The records>

----------------------------------------

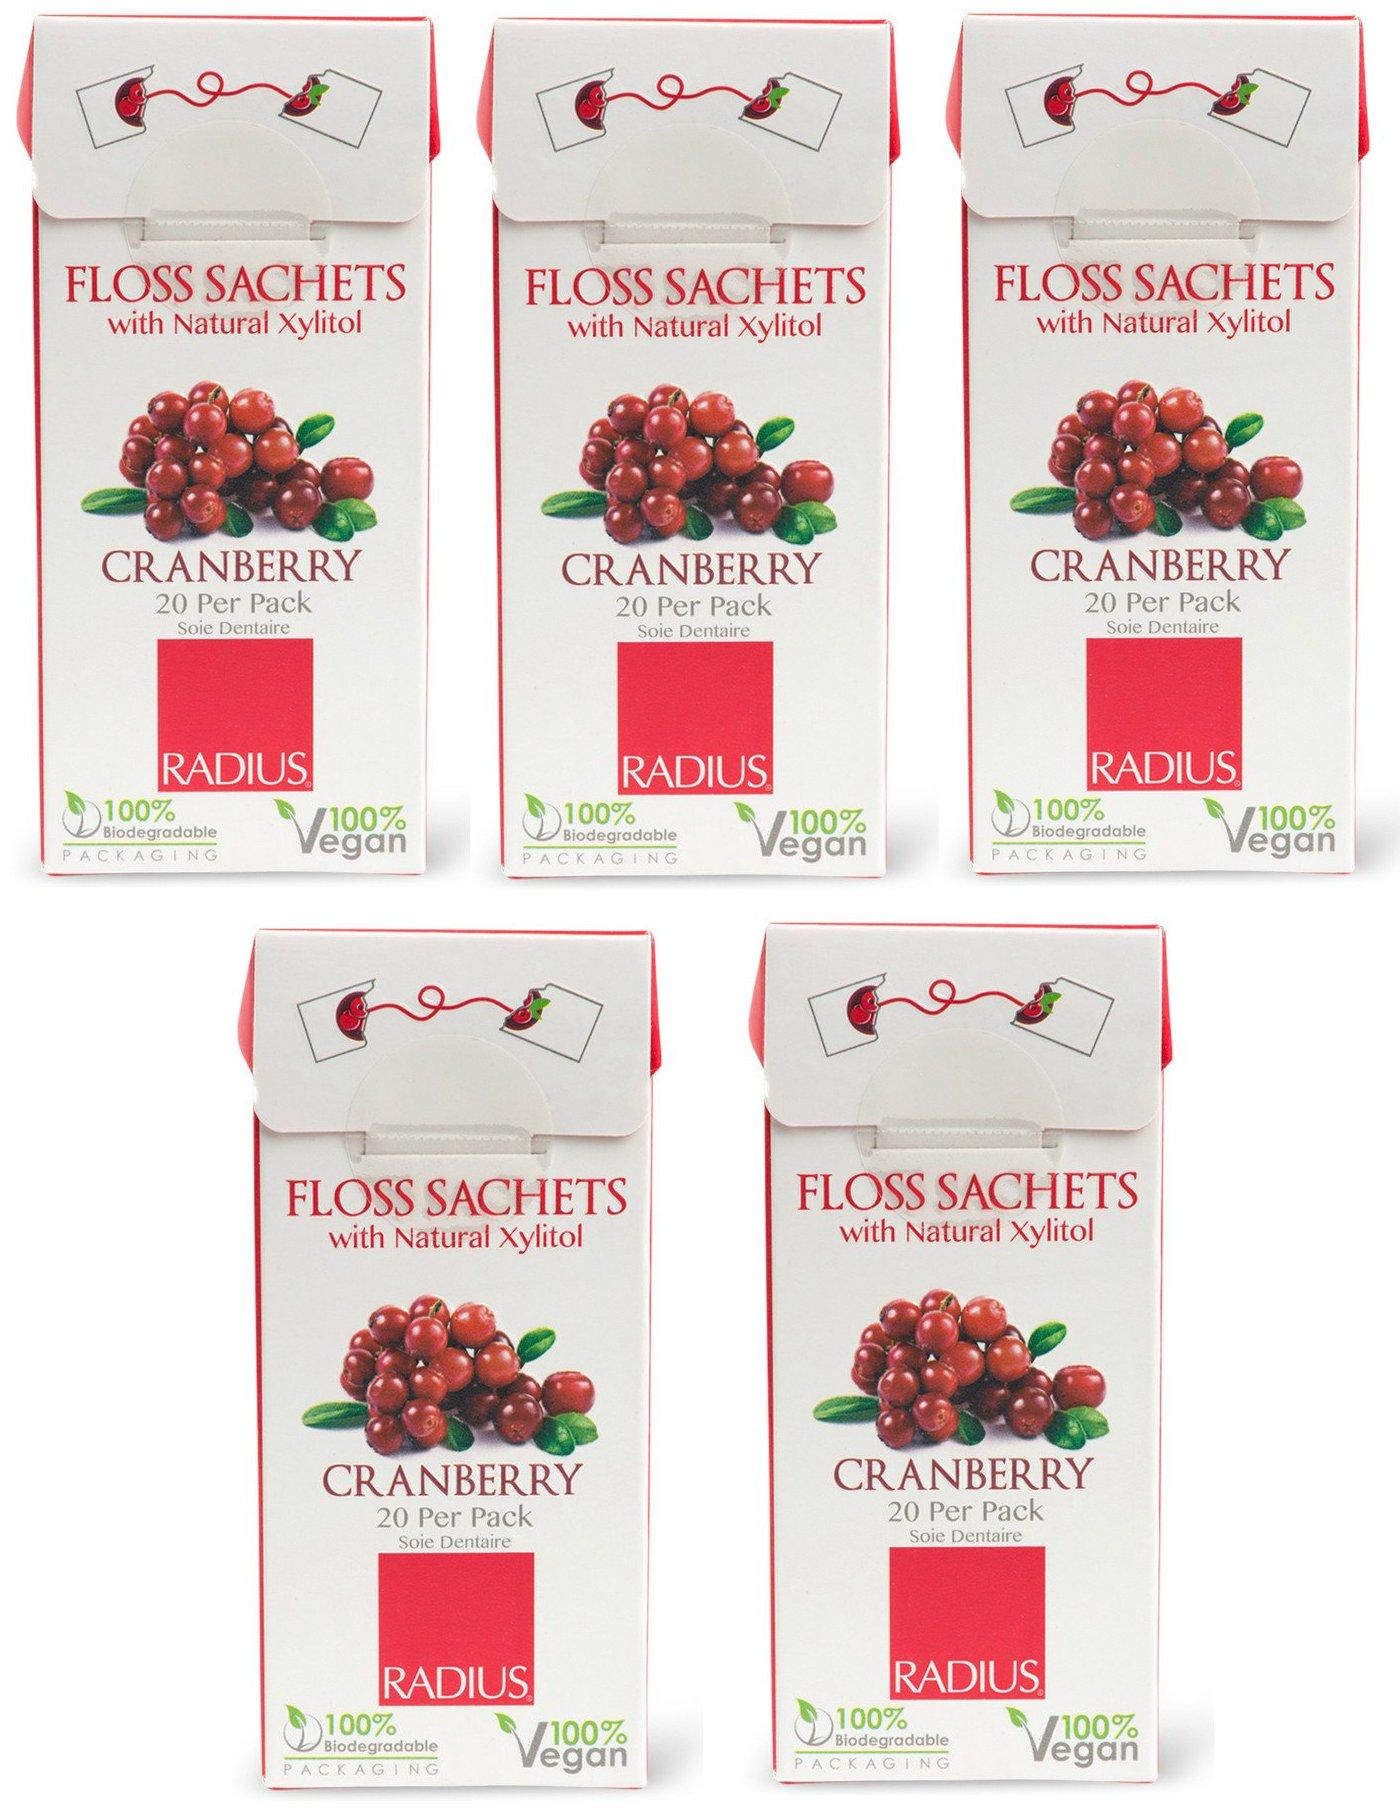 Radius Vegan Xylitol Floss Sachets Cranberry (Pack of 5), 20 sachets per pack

----------------------------------------

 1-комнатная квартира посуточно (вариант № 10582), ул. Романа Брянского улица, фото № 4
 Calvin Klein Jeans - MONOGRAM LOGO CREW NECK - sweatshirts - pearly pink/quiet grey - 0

----------------------------------------

About this task> Give again, word for word, every line of the listing above from the one with "1-комнатная квартира посуточно" to the one with "Calvin Klein Jeans", both inclusive, and nothing beyond them.

Solution to this task>
 1-комнатная квартира посуточно (вариант № 10582), ул. Романа Брянского улица, фото № 4
 Calvin Klein Jeans - MONOGRAM LOGO CREW NECK - sweatshirts - pearly pink/quiet grey - 0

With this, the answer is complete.